A look at the first implementation of GraphQL in Cylc

May 17, 2019

For Cylc 8 we are adding an initial implementation of GraphQL, to replace the previous REST API. Besides the technologies in the API’s, another difference is that for the REST API, its main consumer was a PyGTK GUI.

The new GraphQL API, on the other hand, will be used mainly by a Vue.js Web application. So a few things need to be done in a different way due to the jump from Desktop GUI to Web GUI.

Protobuf model

The current implementation is under review in a pull request at the moment. It includes Python libraries for GraphQL, as it is expected, but also a Protobuf data model that can be visualized in the figure below.

State management

In Cylc, the Scheduler object is responsible for managing Tasks in a Workflow. It does so in its main loop, which is similar to the main loops in game engines. It runs periodically checking the state of several objects, and updates them.
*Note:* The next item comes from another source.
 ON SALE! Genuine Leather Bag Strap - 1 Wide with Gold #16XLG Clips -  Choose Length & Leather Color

A new class JobPool is being added in Cylc 8 to maintain a pool of jobs and their states. This JobPool is used by the Scheduler to update the jobs, similarly to how it does for tasks.

Every time the main loop runs, it calls a method (Scheduler.update_data_structure) to update the data structures used by Cylc, including the data structures used by the GraphQL engine in Cylc. Other methods that are responsible for updating the state of Tasks are now updating the state of Jobs too.
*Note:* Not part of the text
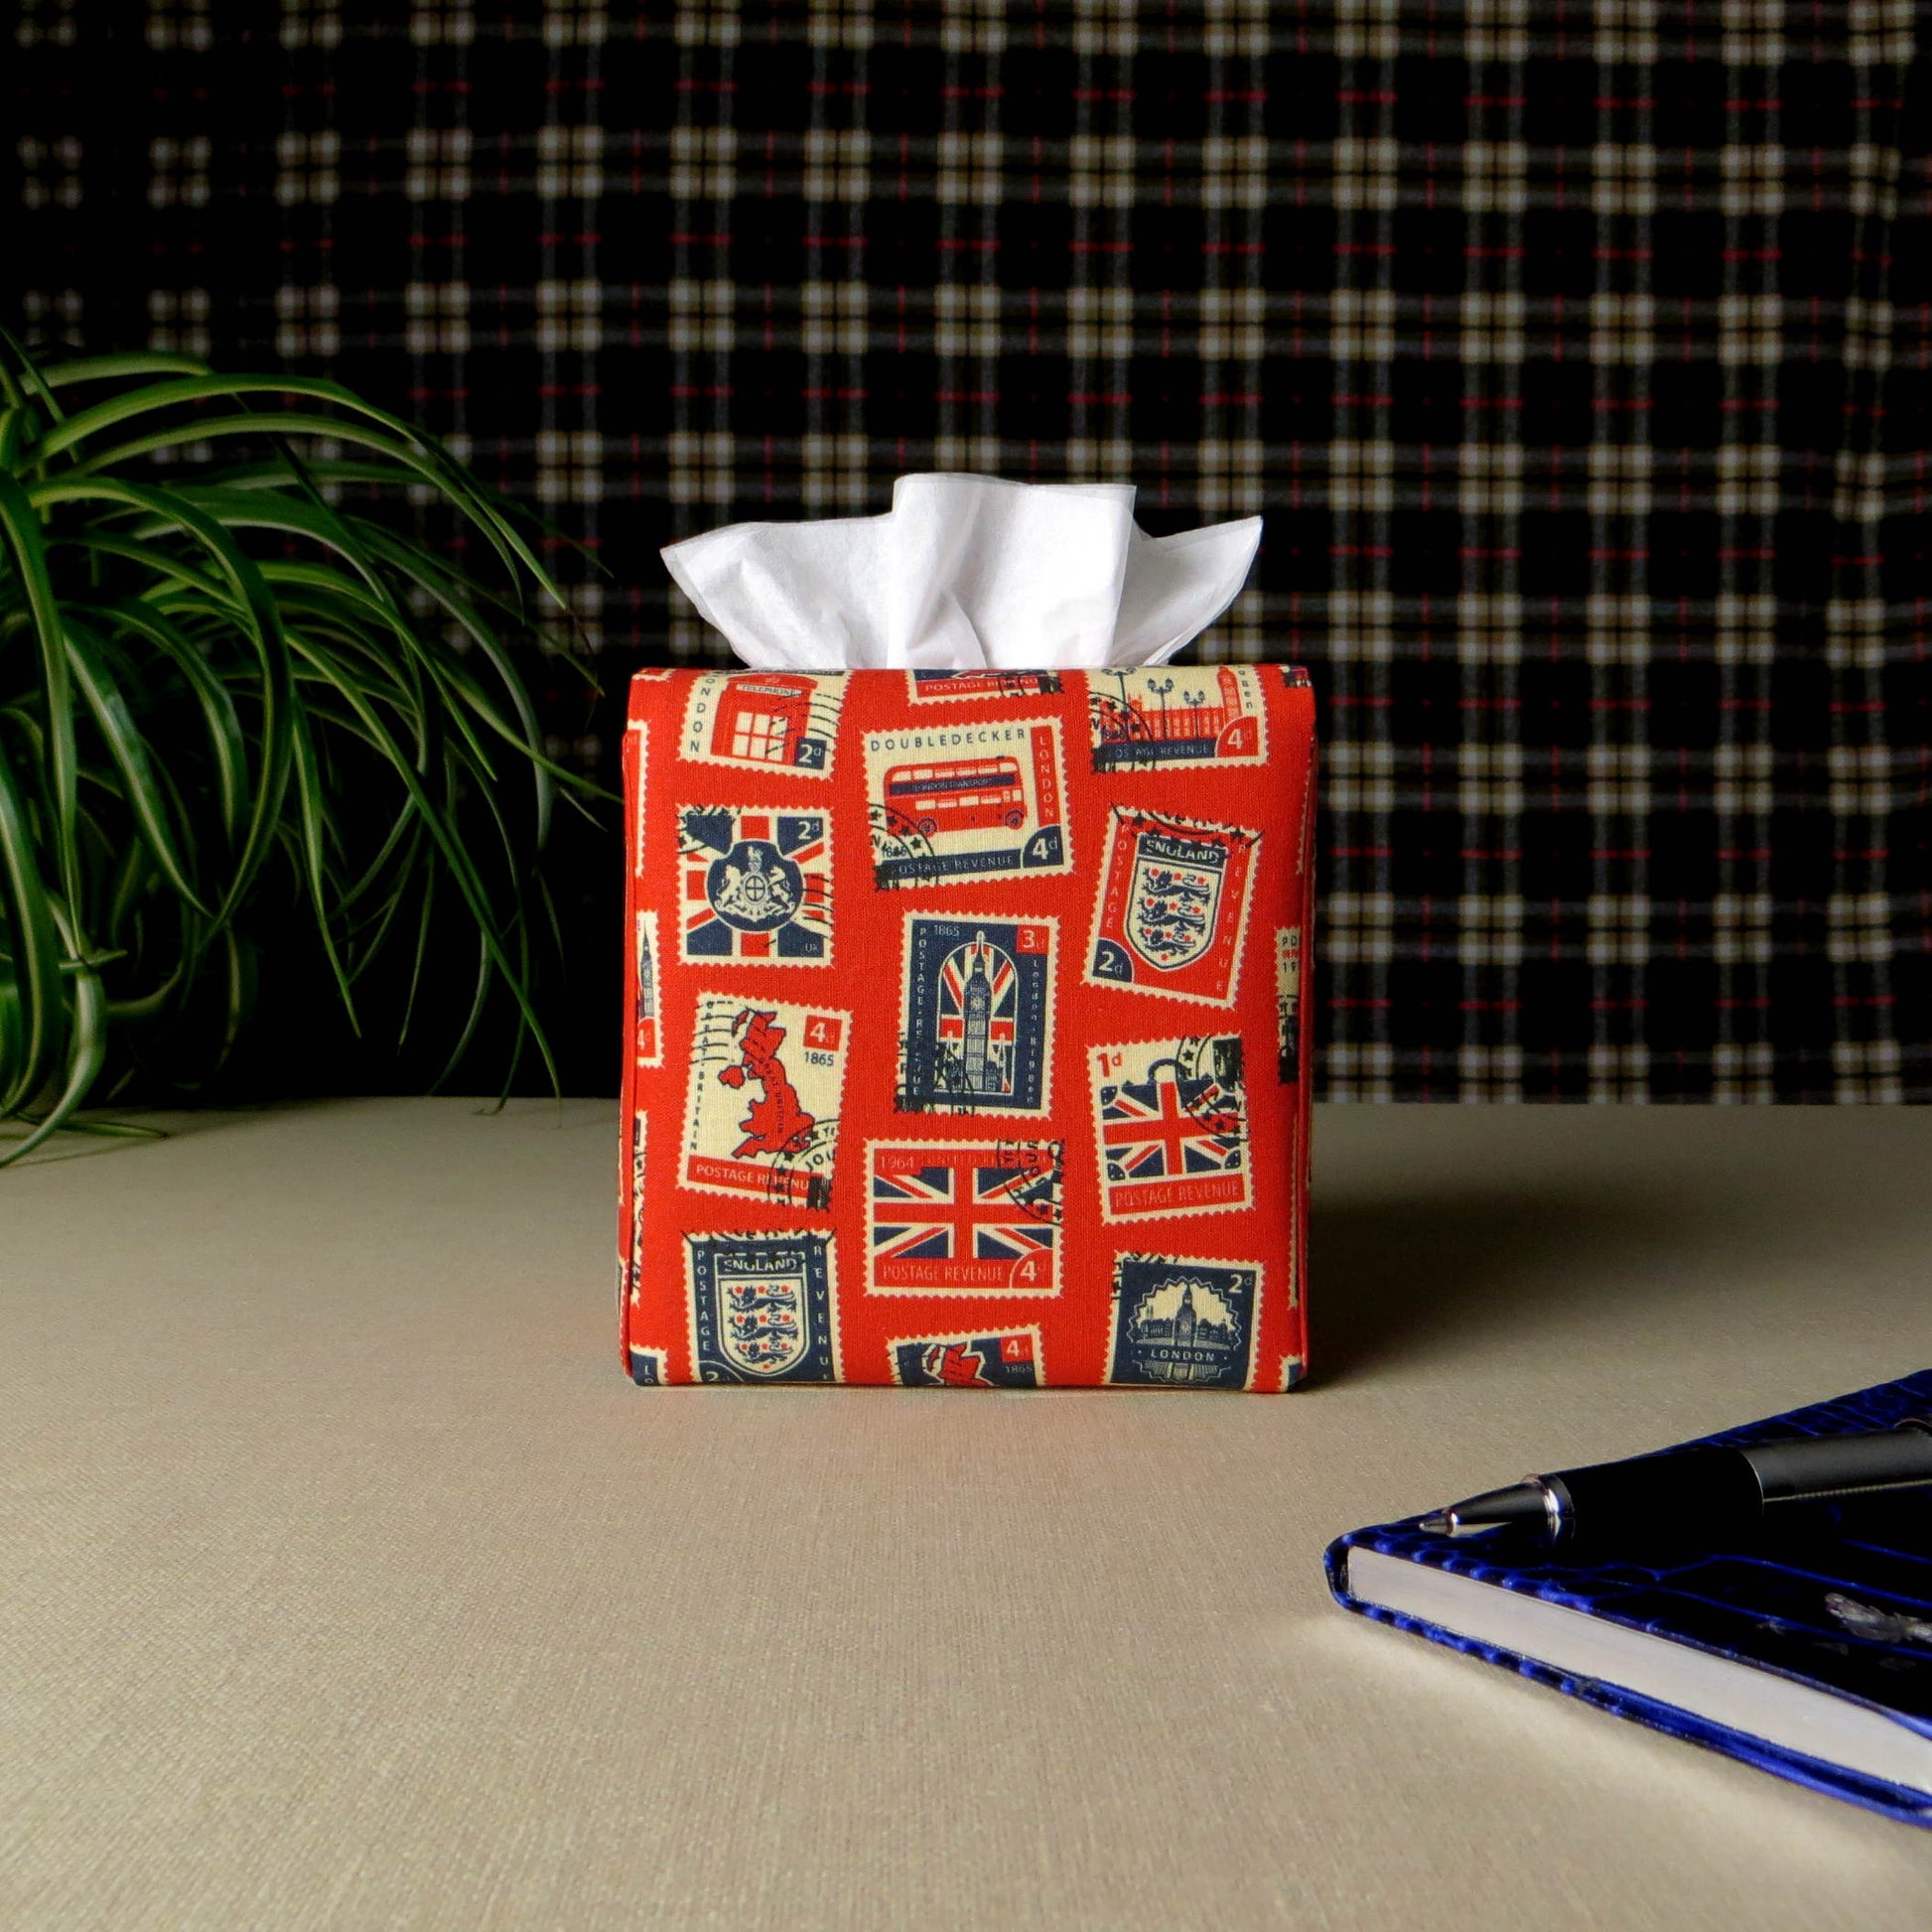 Printed cotton square tissue box cover with British stamps design on red background

The method update_data_structure uses WsDataMgr, another new object being added. WsDataMgr is where the Workflow Tasks, their parent Tasks, Task Families, and other objects required for the Workflow such as Prerequisites and Conditions are calculated, and organized into dictionaries.

These dictionaries are kept in memory, updated periodically by Scheduler, and accessed by the PyZMQ layer.

PyZMQ layer

After the initial run of the main loop, we are ready to serve GraphQL data from our workflow in Cylc. That is done by the SuiteRuntimeServer, a PyZMQ server. It got a new method pb_entire_workflow that populates the PbEntireWorkflow object, and serializes it back to the client.

This method will be used by another project that uses Python Graphene and Tornado for the backend, and Vue.js for the frontend.

Conclusion

Cylc uses a SQLite database for part of the workflow state (e.g. recovery) but for the GraphQL we are not really accessing any database directly.

So the implementation in Cylc is probably different than what most blogs and tutorials use as example.

It is still early work, and many things may change, but Cylc 8 is getting near its first alpha release with GraphQL. Check out https://github.com/cylc/cylc-flow for more.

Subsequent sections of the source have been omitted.